Autant la Réserve fédérale américaine (Fed) a pris de court les intervenants sur les marchés boursiers et obligataires, le mois dernier, en décidant de reporter le ralentissement progressif de sa planche à billets, autant elle les surprendrait encore en annonçant mercredi qu'elle se décide enfin.

À vrai dire, même un premier coup de frein cette année est jugé peu probable. Plusieurs observateurs parient désormais que l'initiative reviendra au successeur de Ben S. Bernanke à la tête de la Fed, Janet Yellen, qui entrera en fonction l'hiver prochain.

Une des raisons qui avaient poussé la Fed à surseoir la diminution graduelle de ses achats mensuels de 85 milliards US en obligations à long terme du Trésor et en titres adossés à des créances hypothécaires avait été la forte poussée des taux hypothécaires qui compromettait la relance tant attendue du marché de l'habitation.

Cette poussée avait commencé fin mai dans le sillage de la hausse des taux obligataires. Elle s'était accélérée à partir du 19 juin quand M. Bernanke avait évoqué pour la première fois que la Fed envisageait de commencer à diminuer ses achats à l'automne. De la mi-juin à la fin d'août, les taux sur les obligations de 10 ans sont passés de 2,10% environ à tout près de 3%. Ils sont descendus depuis à près de 2,50%.

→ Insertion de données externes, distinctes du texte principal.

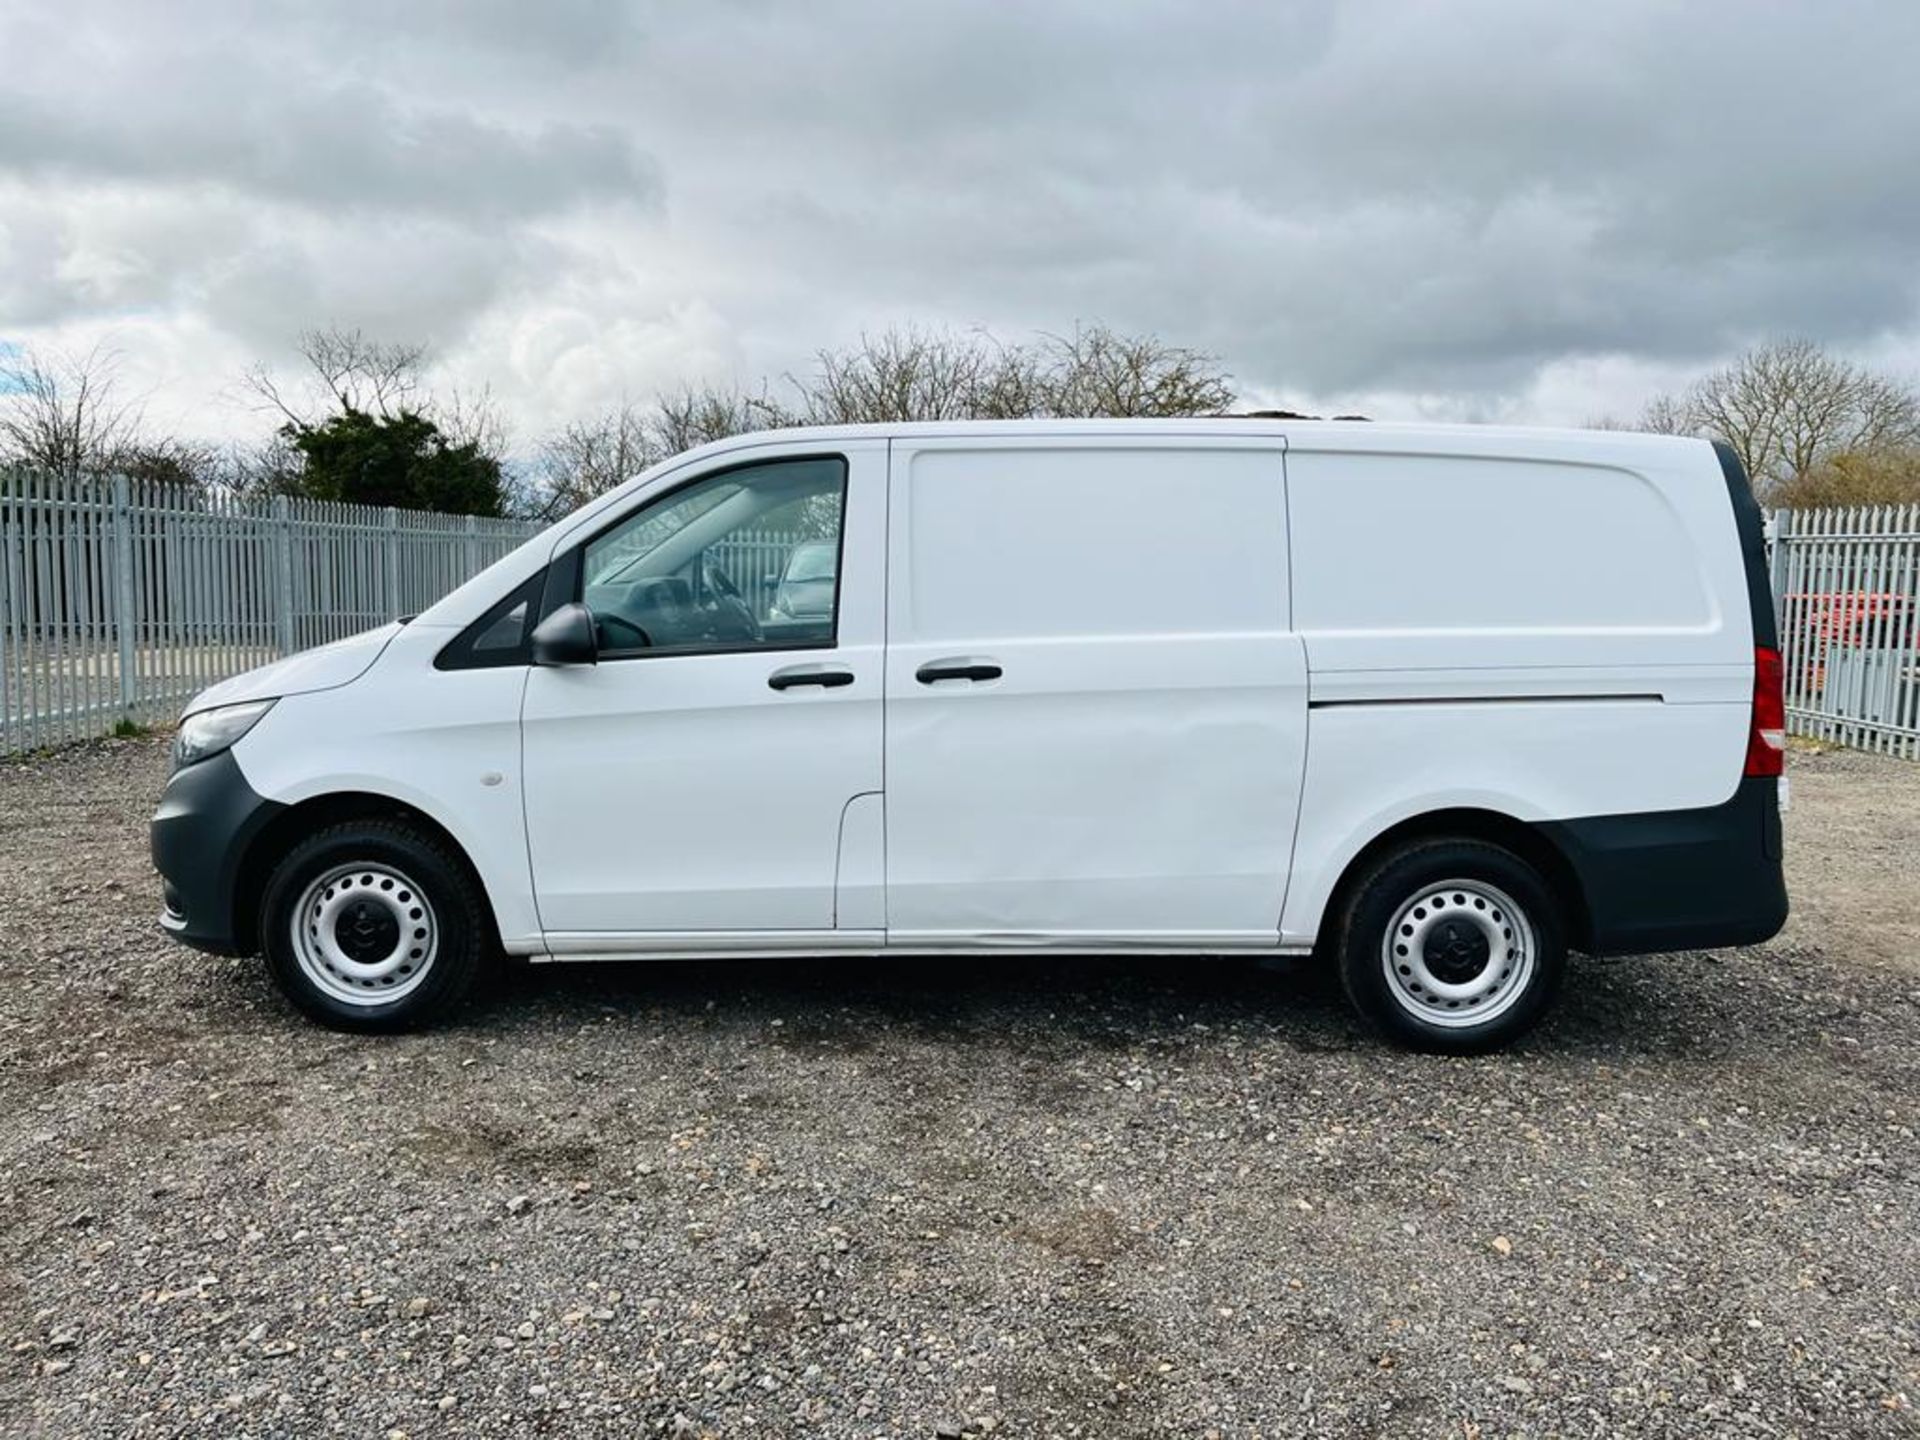 Mercedes Benz Vito 1.6 111 CDI FWD 2019 '19 Reg' - ULEZ Compliant - Only 85,733 Miles - Image 4 of 24

Plusieurs observateurs estiment que l'ampleur de cette correction n'est pas justifiée.

Après tout, si la Fed était passée à l'acte dès septembre, ce n'aurait été que bien timidement, au rythme estimé de 75 milliards par mois au lieu de 85 milliards.

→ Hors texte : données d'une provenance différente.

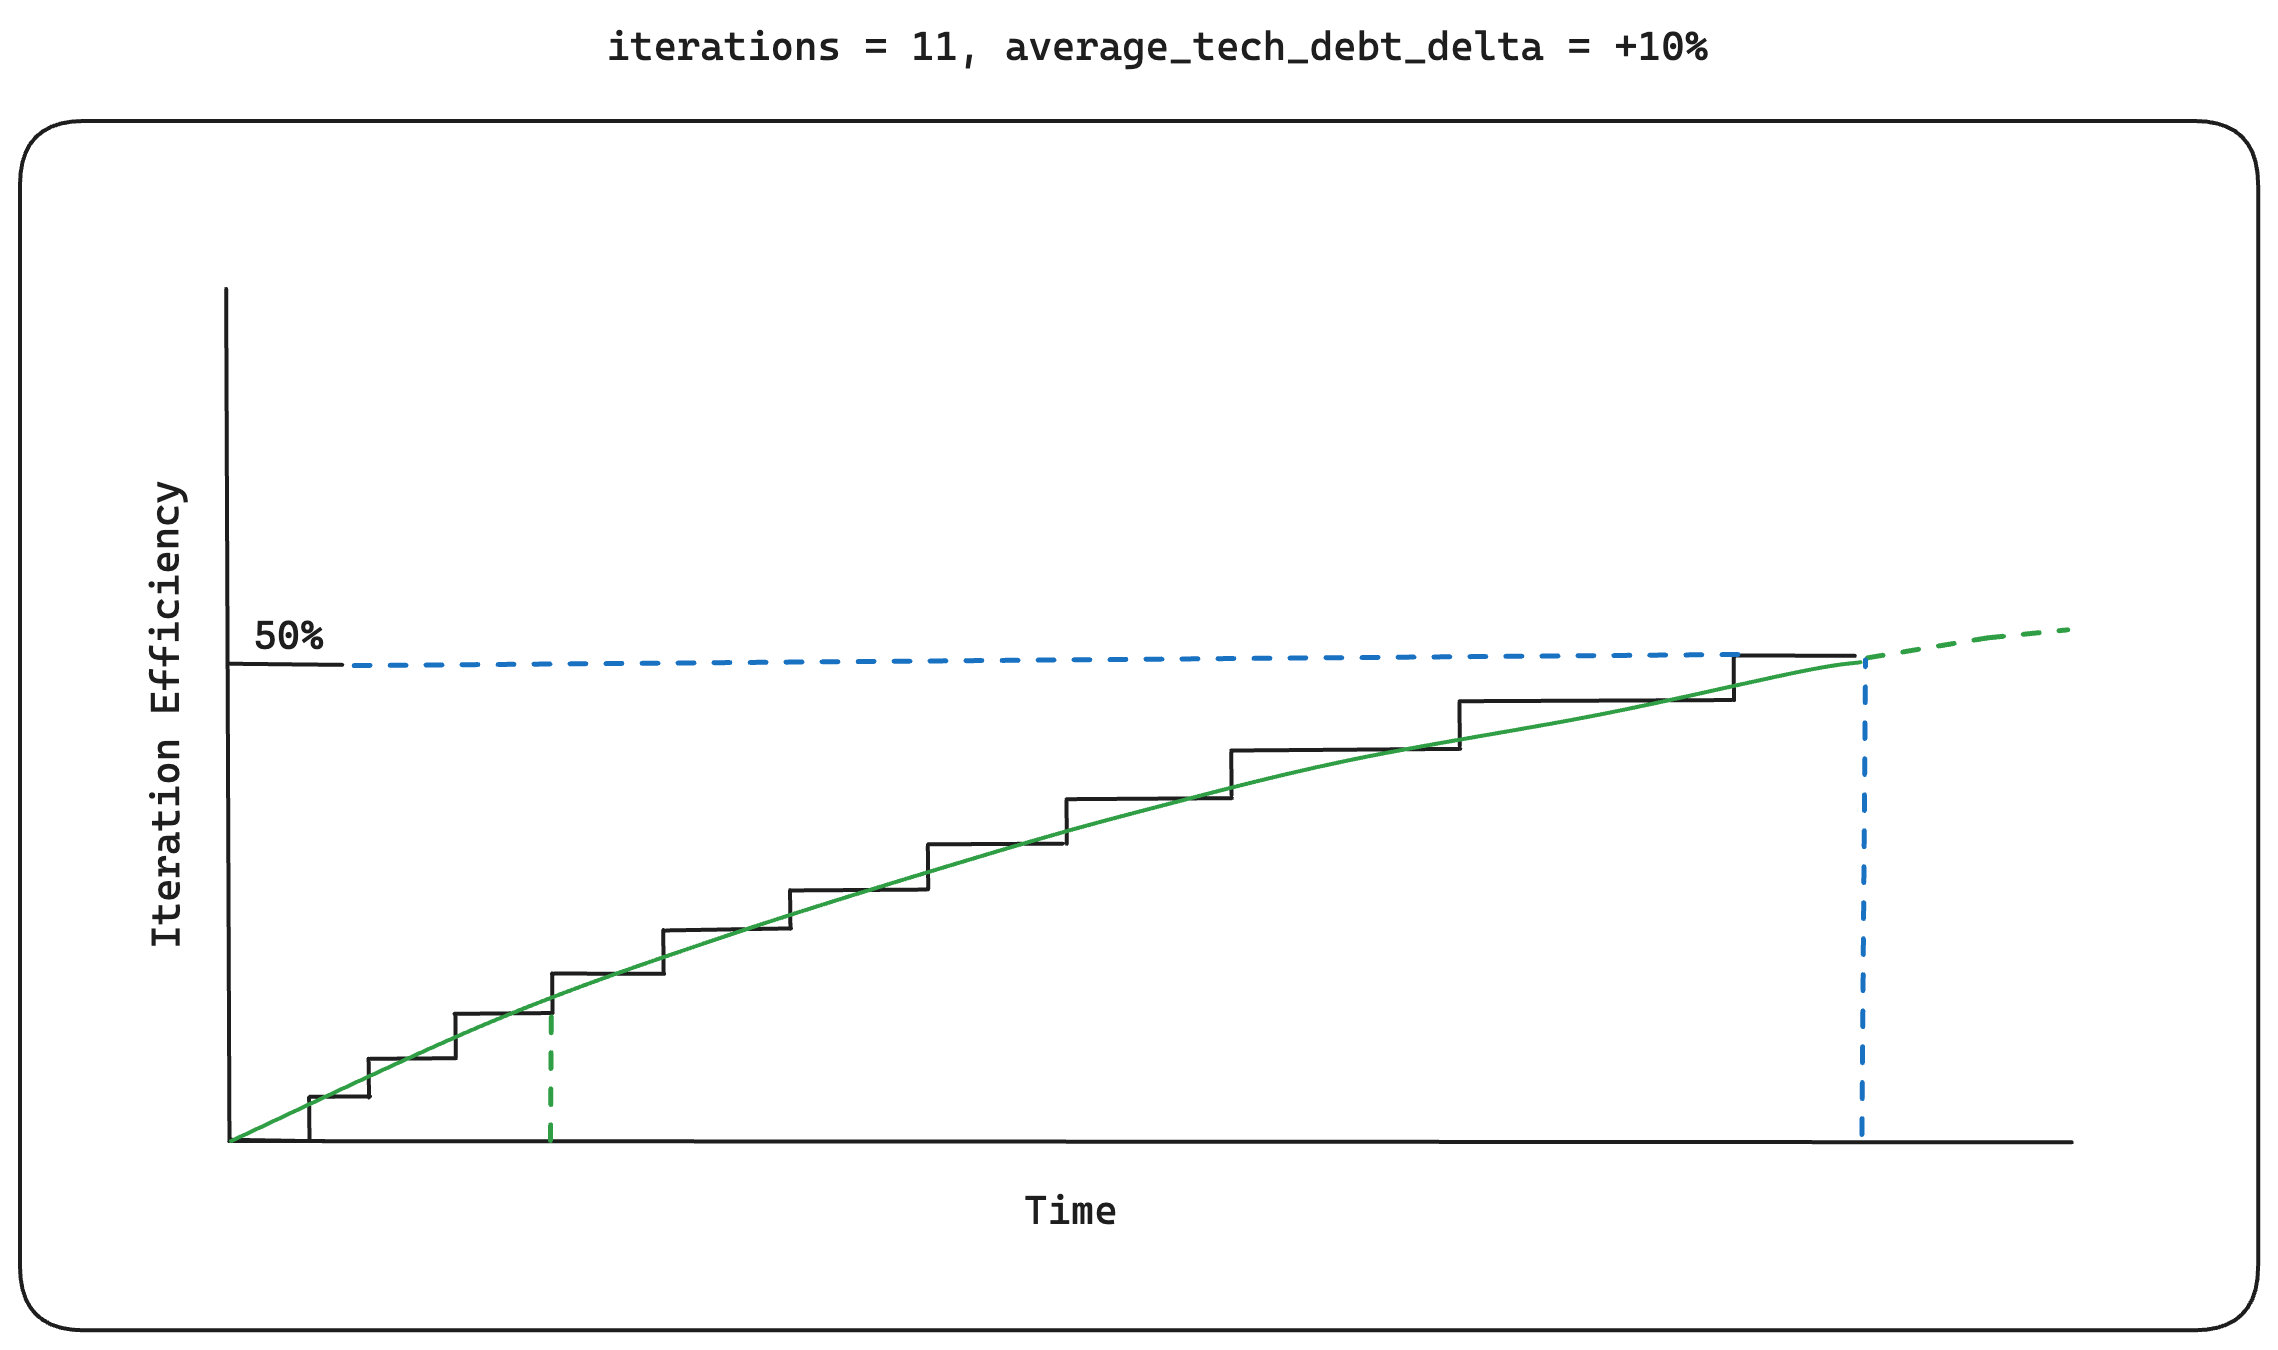 A chart showing iteration efficiency over 11 iterations with an average technical debt delta of +10%

Si elle avait diminué ses achats d'encore 10 milliards à compter de décembre, cela aurait signifié une injection de 90 milliards de moins dans l'économie, entre septembre et mars. C'est tout de même 505 milliards de plus qu'en août! On est loin d'un resserrement monétaire qui aurait pu justifier une telle poussée des taux.

Le report de quelques mois ne justifie pas non plus le repli de près d'un demi-point des taux.

Voilà pourquoi la barre des 3% sur les obligations venant à terme dans 10 ans devrait être franchie pour de bon durant l'hiver, jugent beaucoup d'observateurs.

À moins, bien sûr, que le Congrès nous concocte un nouveau psychodrame, cet hiver, autour du relèvement prolongé du plafond de la dette ou de la mise en place de l'Obamacare, en dépit du cafouillage informatique attribuable en partie à la filiale américaine de CGI.

En pareil cas, ce serait la quatrième impasse politique en tout juste un an, après le mur budgétaire (en décembre 2012), les coupes budgétaires automatiques aveugles (au printemps 2013) et la fermeture du gouvernement (du 1er au 16 octobre).

Cela découragerait encore les embauches et les investissements, alors qu'ils ont ralenti à mesure que l'impasse d'octobre se concrétisait au Congrès.

Un nouvel épisode de dysfonctionnement de Washington est susceptible d'irriter les agences de notation de la dette américaine. Si on écarte l'hypothèse d'une nouvelle crise financière mondiale, cela devrait rendre les obligations moins attrayantes et pousser à la hausse les coûts d'emprunt des États-Unis.

Évidemment, cela aura aussi pour effet de faire hésiter encore la Fed à passer à l'action.

Du côté canadien, les taux des obligations canadiennes évolueront en étroite corrélation. Depuis plusieurs mois, l'échéance de 10 ans se négocie à des taux inférieurs de quelques centièmes aux taux américains. Celle de 30 ans, à un taux inférieur d'un demi-point environ, grâce à une maîtrise plus convaincante des finances publiques et à une vie parlementaire moins dysfonctionnelle.